PUNCAK perhelatan Pemilu 2024 telah usai, ditandai dengan pemungutan dan penghitungan suara pada 14 Februari 2024.
Untuk hasil dan penetapan para pejabat politik terpilih (elected officials), kita menunggu hasil penghitungan berjenjang (real count) yang dilakukan KPU di semua tingkatan.
Meskipun telah usai dan berlangsung relatif damai dan tertib, Pemilu 2024 menyisakan catatan-catatan penting terkait perkembangan demokratisasi di Indonesia. Salah satunya adalah perihal perilaku pemilih yang setiap pemilu selalu mengalami perubahan.
Apa sebenarnya yang menggerakkan pemilih untuk datang ke TPS dan memberikan suara kepada kandidat maupun partai politik tertentu? Dari banyaknya nama kandidat, apa yang membuat pemilih mencoblos satu nama maupun satu partai politik?
Ada banyak faktor sebenarnya yang memengaruhi perilaku pemilih. Tanpa mengabaikan keragaman faktor tersebut, dalam Pemilu 2024 ini, saya menemukan bagaimana kekuatan uang mampu memengaruhi pilihan pemilih.
Dalam banyak kasus, uang –dalam arti politik uang– tidak sekadar memengaruhi, melainkan menentukan preferensi politik pemilih.
Setidaknya fenomena ini yang saya saksikan selama seminggu terakhir menjelang hari pencoblosan di daerah saya di Jawa Timur.
Transaksi politik uang juga terjadi di hampir semua wilayah Indonesia, yang sebenarnya bukan fenomena politik baru, tetapi telah menjelma ‘budaya politik’ kita.
Saya meyakini, semua pihak mengetahui praktik jual beli suara ini, mulai dari kandidatnya, pemilihnya hingga penegak hukumnya, dan bahkan penyelenggara pemilunya. Istilahnya sudah ‘tahu-sama-tahu’.
Persoalannya, kita tidak pernah beranjak dari sekadar ‘tahu-sama-tahu’ untuk menemukan formula kebijakan yang tepat terkait pengelolaan uang dalam politik.
Alih-alih menyusut, politik uang semakin masif dan meluas. Bahkan, uang saja tidak cukup untuk mengarahkan pilihan pemilih. Perlu pelapis seperti paket sembako dan bantuan lainnya.

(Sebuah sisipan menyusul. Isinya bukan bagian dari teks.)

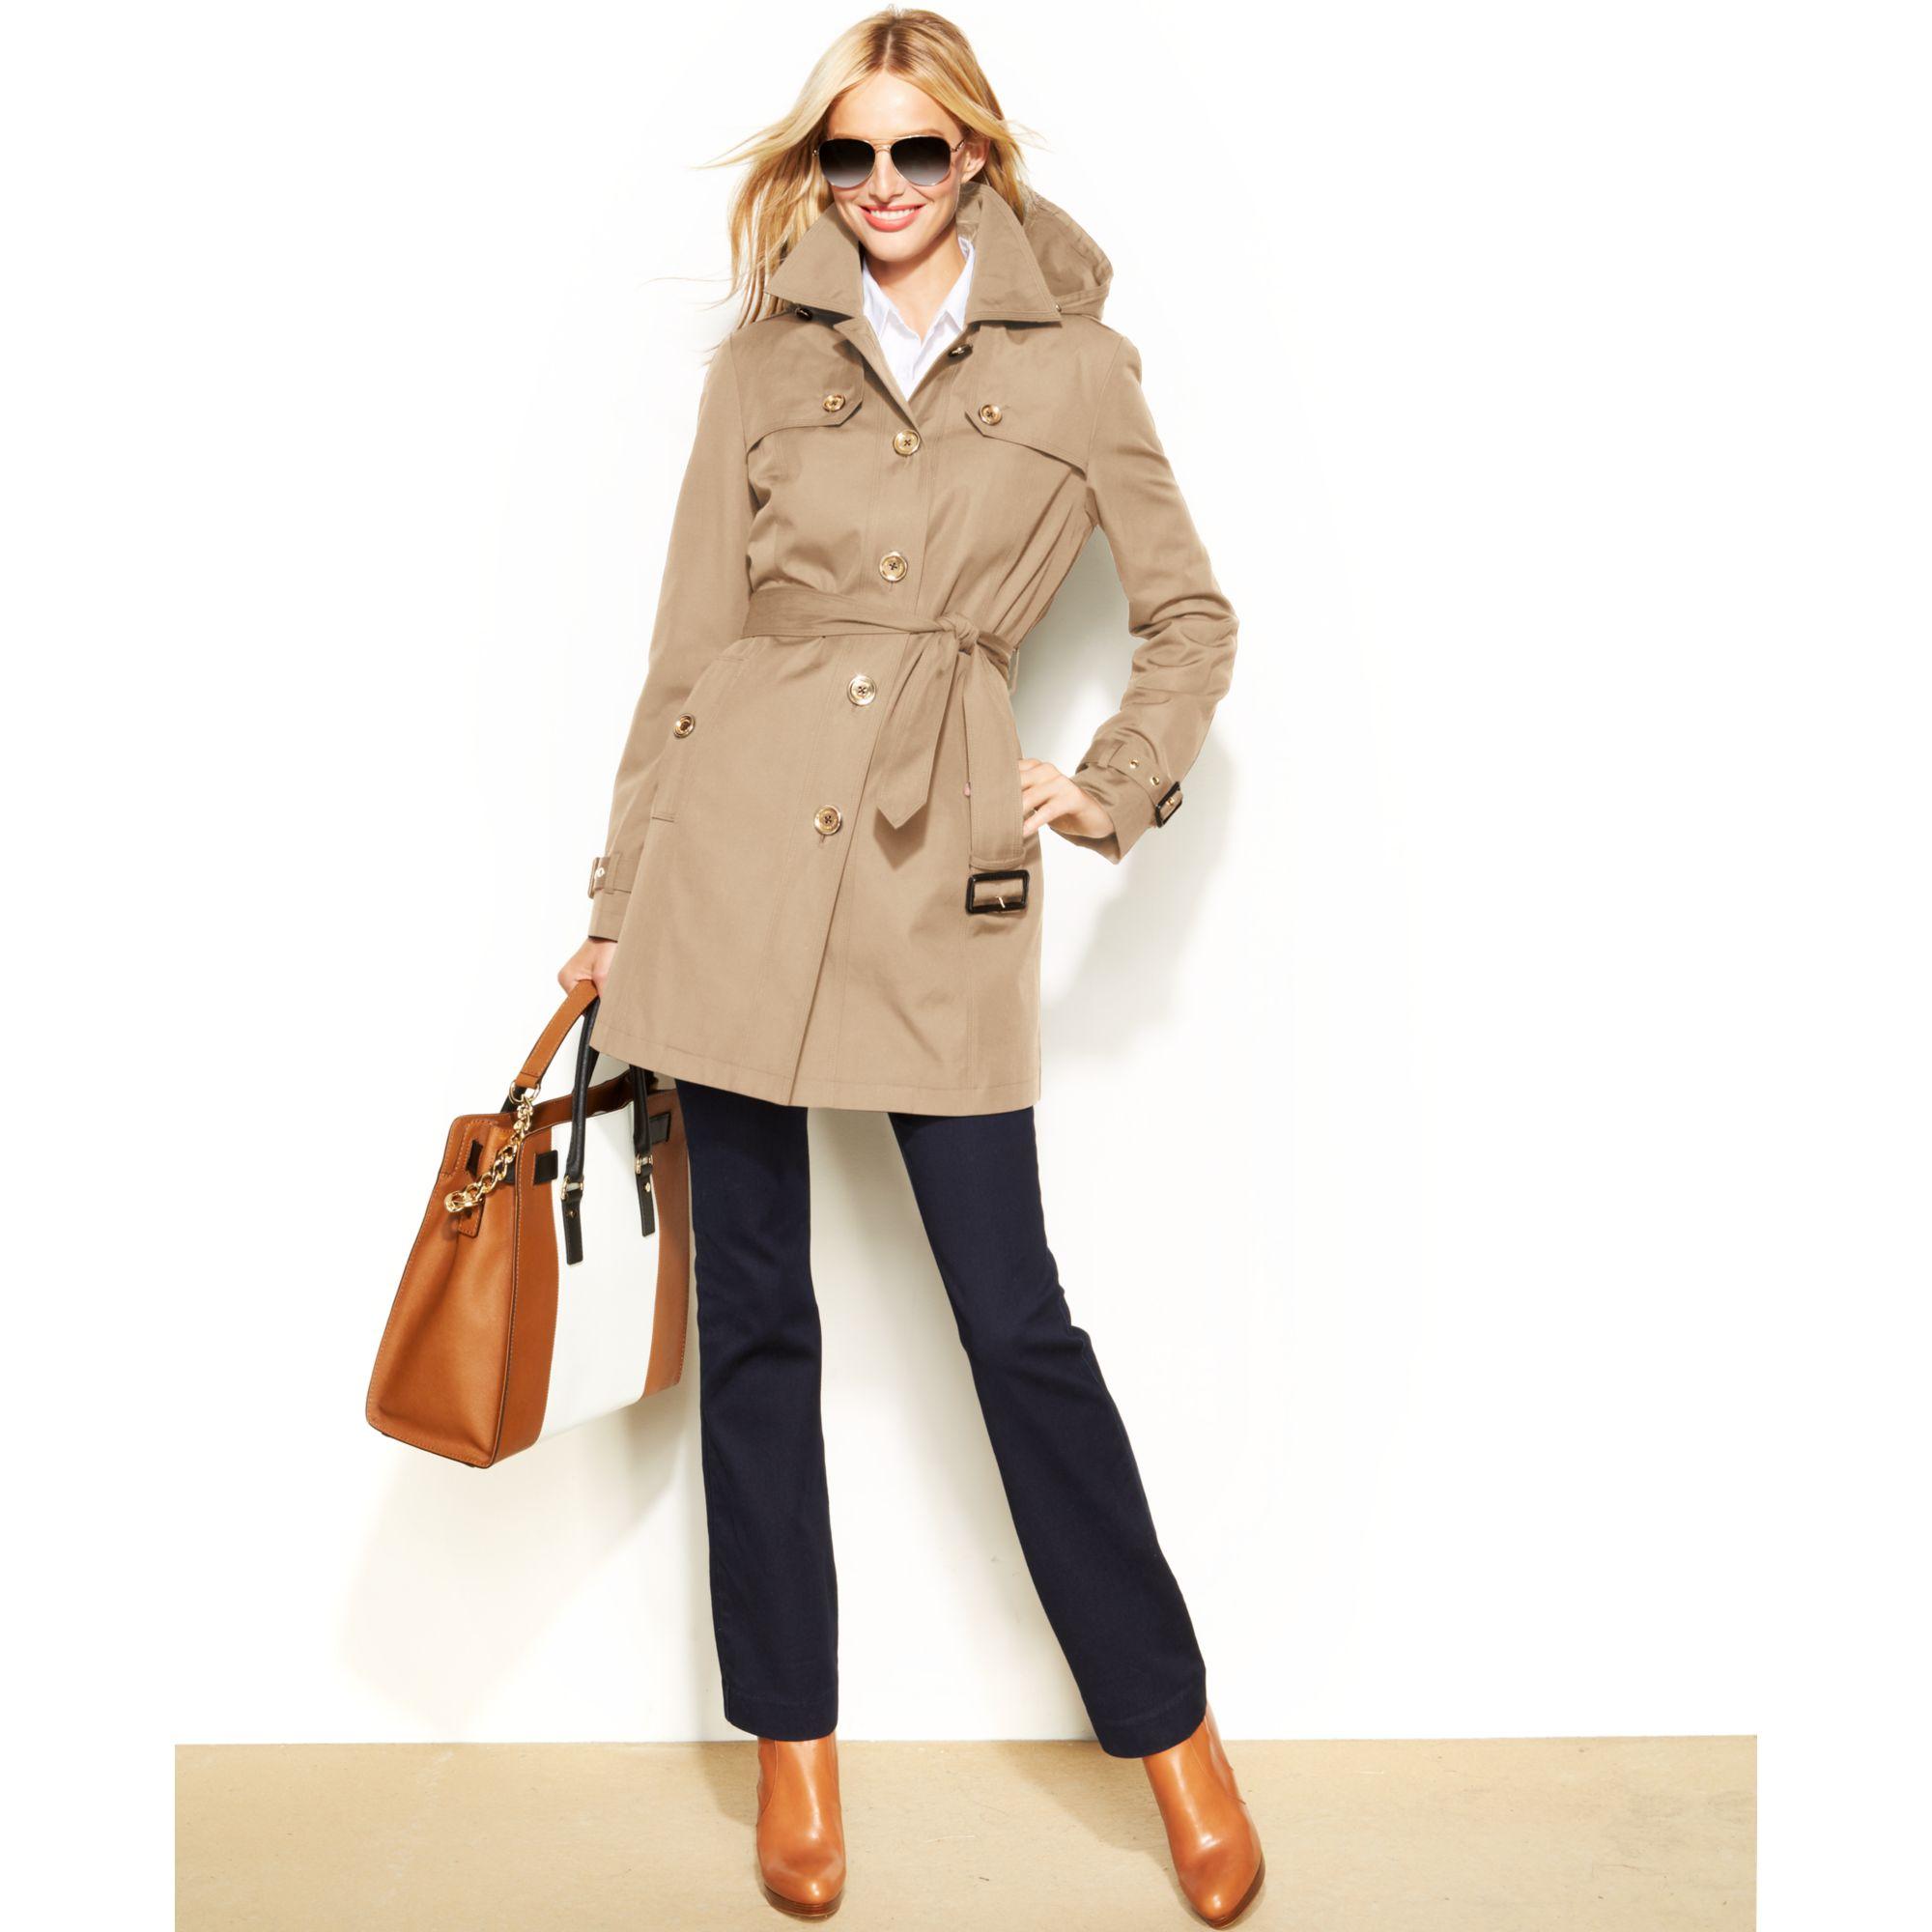 9f27cb3e36ac Michael Kors Women S Belted Hooded Trench Coat - The Best Belt Produck

Kadang, uang dan sembako masih belum cukup. Perlu ‘dikemas’ dengan kegiatan sosial-keagamaan secara rutin seperti majelis taklim, majelis shalawat dan lain sebagainya.

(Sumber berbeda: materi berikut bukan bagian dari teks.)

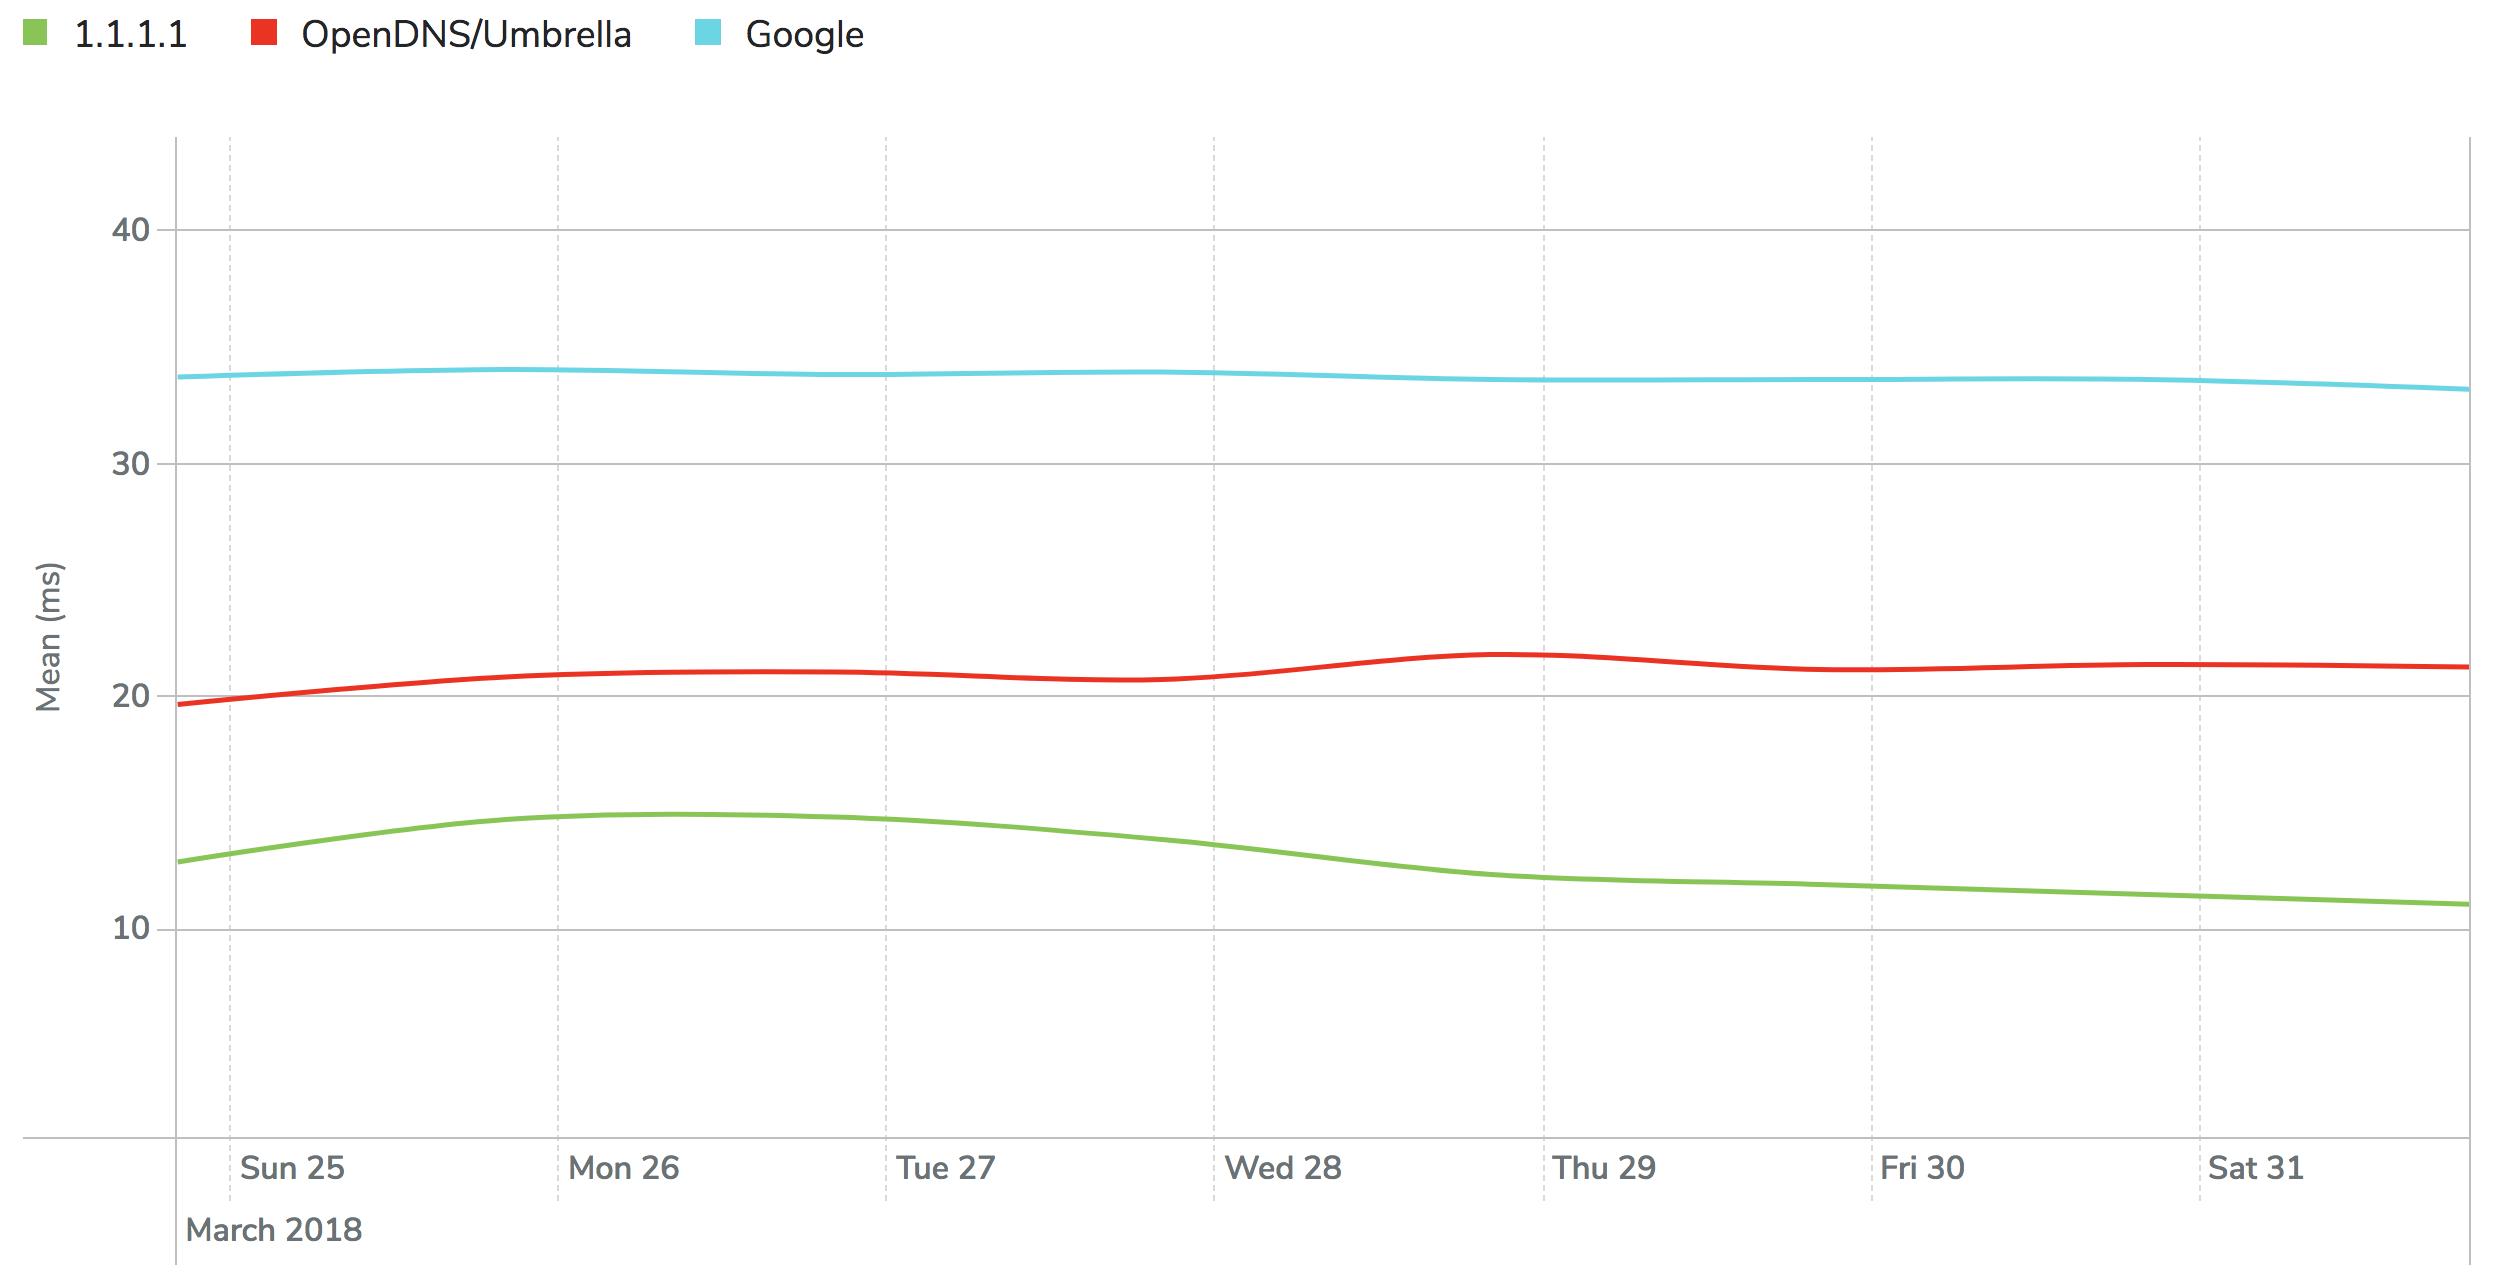 popular DNS resolvers' performance

Itu pun masih dengan catatan, agar besaran logistik yang dikeluarkan sesuai dengan besaran suara yang diperoleh, maka perlu middle-man tepat sebagai jembatan antara kandidat dan pemilih.
Kita menyebut middle-man itu dengan pelbagai istilah, tim sukses, broker politik, makelar suara atau apapun namanya. Dan untuk middle-man ini, ada ongkos politik khusus yang harus dikeluarkan lagi.
Politik uang berlapis-lapis tersebut biasanya terjadi dalam kompetisi elektoral di tingkat DPRD kabupaten atau kota. Semakin sempit wilayah kompetisinya, semakin sengit pertarungan antarkandidat.